Sex steroid feedback regulation of pituitary gonadotropins during early secondary oocyte growth in coho salmon (Oncorhynchus kisutch) – a potential target of endocrine disruption.

Abstract

In teleost fish as in other vertebrate species, the pituitary gonadotropins, follicle-stimulating hormone (Fsh) and luteinizing hormone (Lh), are fundamentally involved in regulating physiological processes critical to the production of a fertilizable egg, including steroidogenesis, folliculogenesis, vitellogenesis, final oocyte maturation, and ovulation. Despite the importance of pituitary gonadotropins (Gths) in regulating fish reproduction, the complex network of factors regulating Gth synthesis and release in fishes is still not fully understood. Further, in the growing field of endocrine disruption, only limited data are available on impacts of endocrine disrupting chemicals (EDCs) on the gonadotropins or pituitary function. The research described in this dissertation examines the role of sex steroids in regulating Fsh and Lh during early stages of oogenesis in salmon and determines if chemicals or natural steroids in the environment originating from waste-water treatment plants (WWTPs) could disrupt reproduction via altered GtH expression.

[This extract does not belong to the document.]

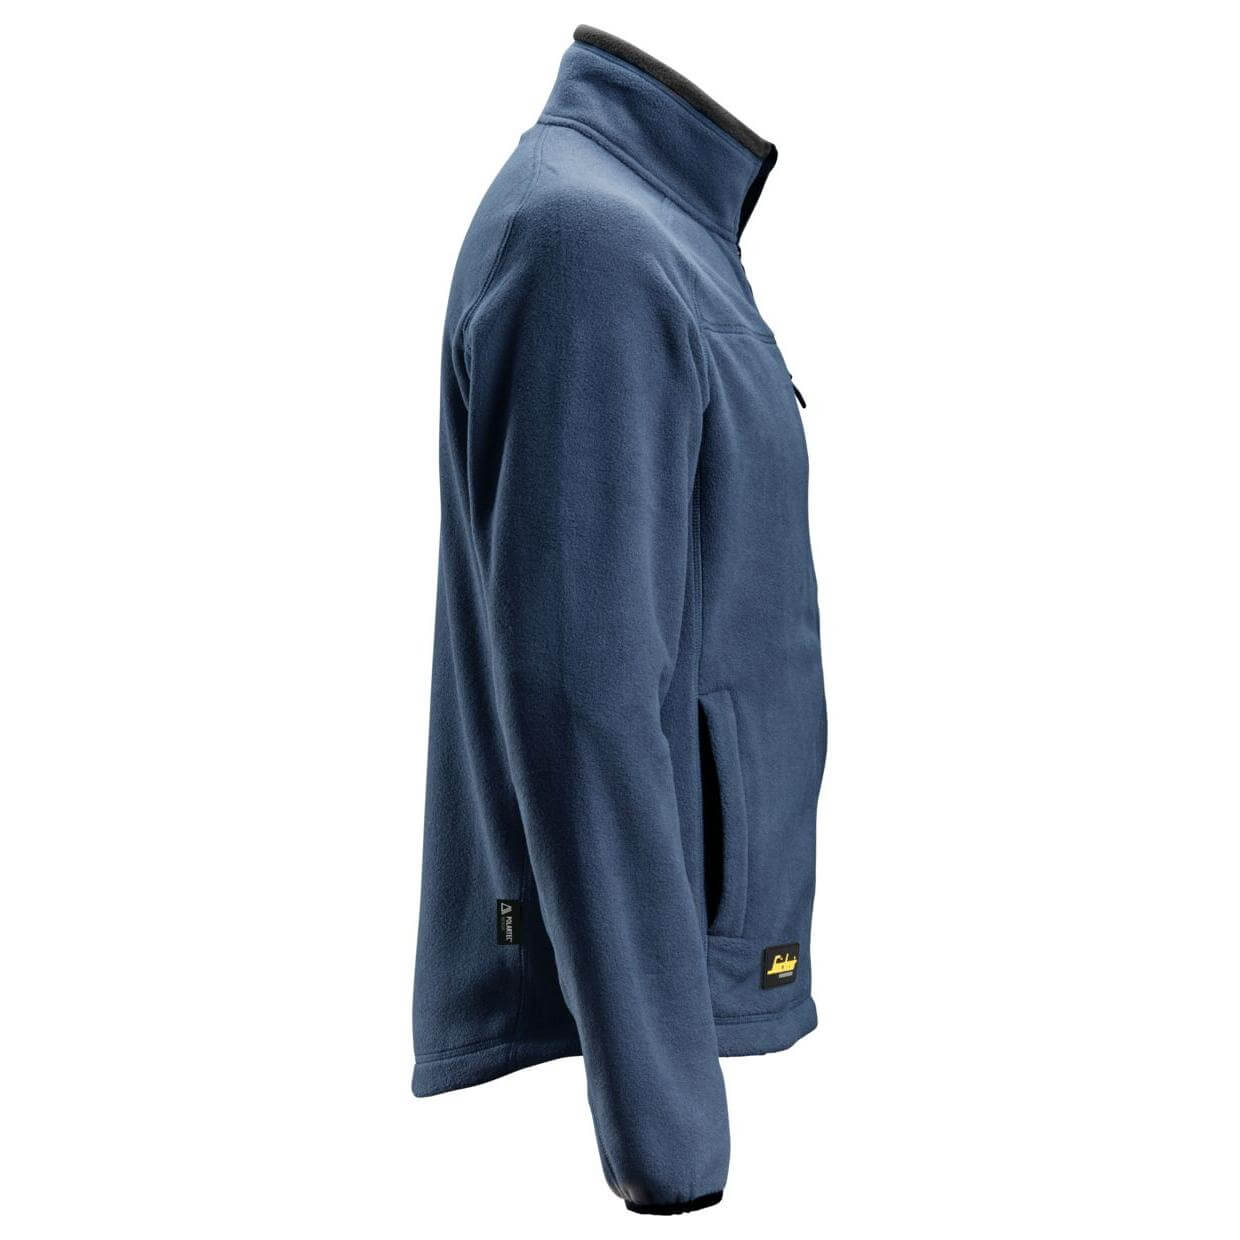 Snickers 8022 AllroundWork Warm Lightweight Fleece Jacket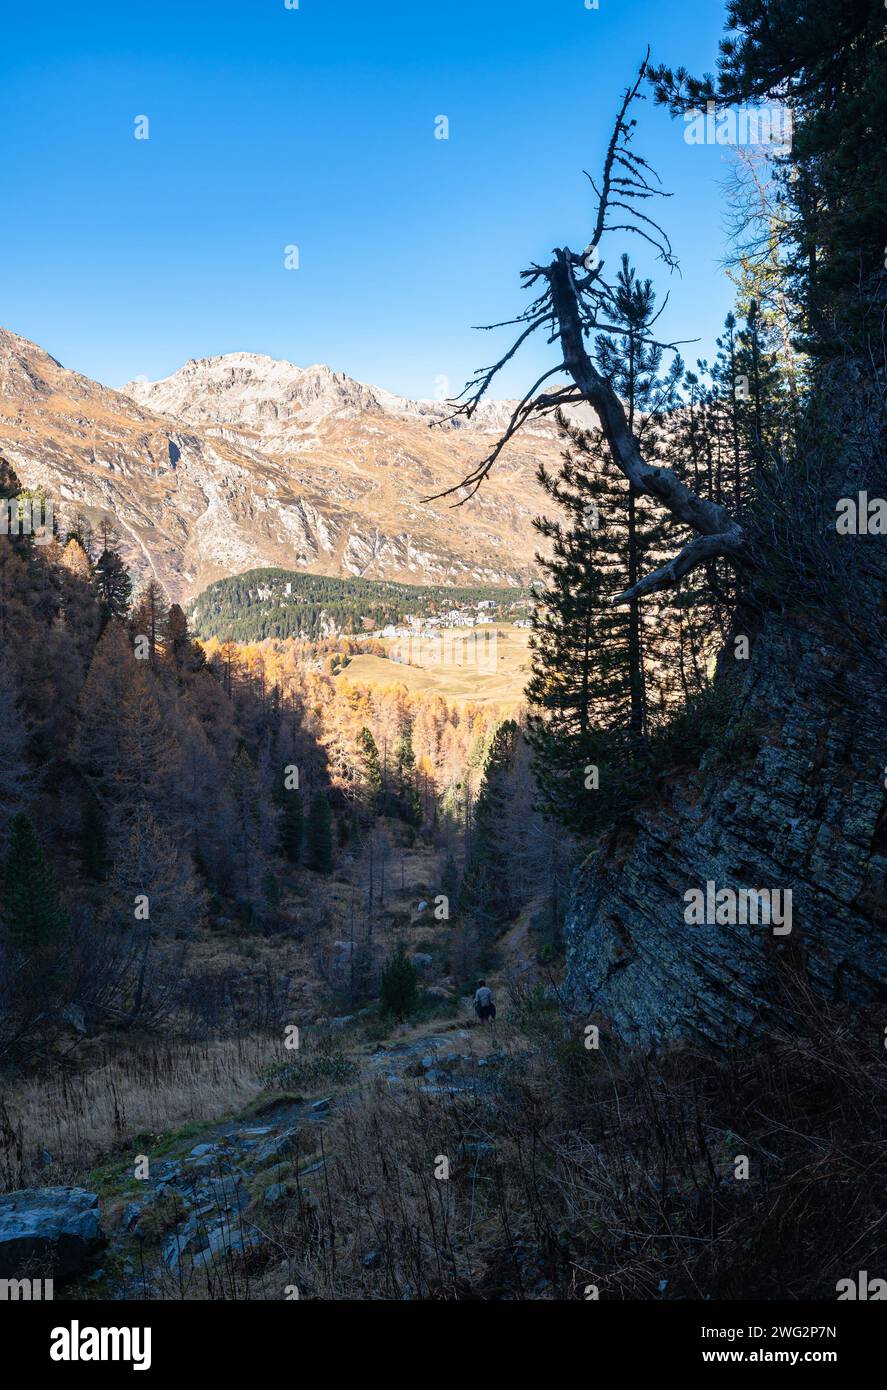 Dramatic landscape image of an overhanging dead tree in a dark gorge in Maloja region, Graubünden canton, Switzerland. Stock Photo

The study described in the first chapter demonstrates that of estrogen differentially regulates Fsh and Lh in female coho salmon during the transition from late primary to early secondary oocyte growth, which corresponds to the onset of puberty in fish. In chapter 2, I report the results of the first transcriptome-wide gene expression analysis of the pituitary gland in prepubertal salmon exposed to water containing ethynylestradiol (EE2), a synthetic estrogen used in human contraceptives that enters the aquatic ecosystem via WWTP discharges. Lastly, the work presented in chapter 3 provides evidence that pituitary Gths, primarily Lh, are differentially expressed in coho salmon exposed to WWTP effluents, likely due to presence of estrogenic chemicals. This research demonstrates that natural and synthetic estrogens differentially regulate Fsh and Lh as well as numerous genes involved in pathways associated with Gth synthesis and secretion, steroid action, cell development and circadian rhythms. By combining basic and applied research, this work has provided valuable information on sex steroid regulation of Gths during early oogenesis that will be useful for predicting and interpreting results of endocrine disruption research. Further, the results of this work suggest that one mechanism of endocrine disruption in fish could be via disrupted gonadotropin synthesis.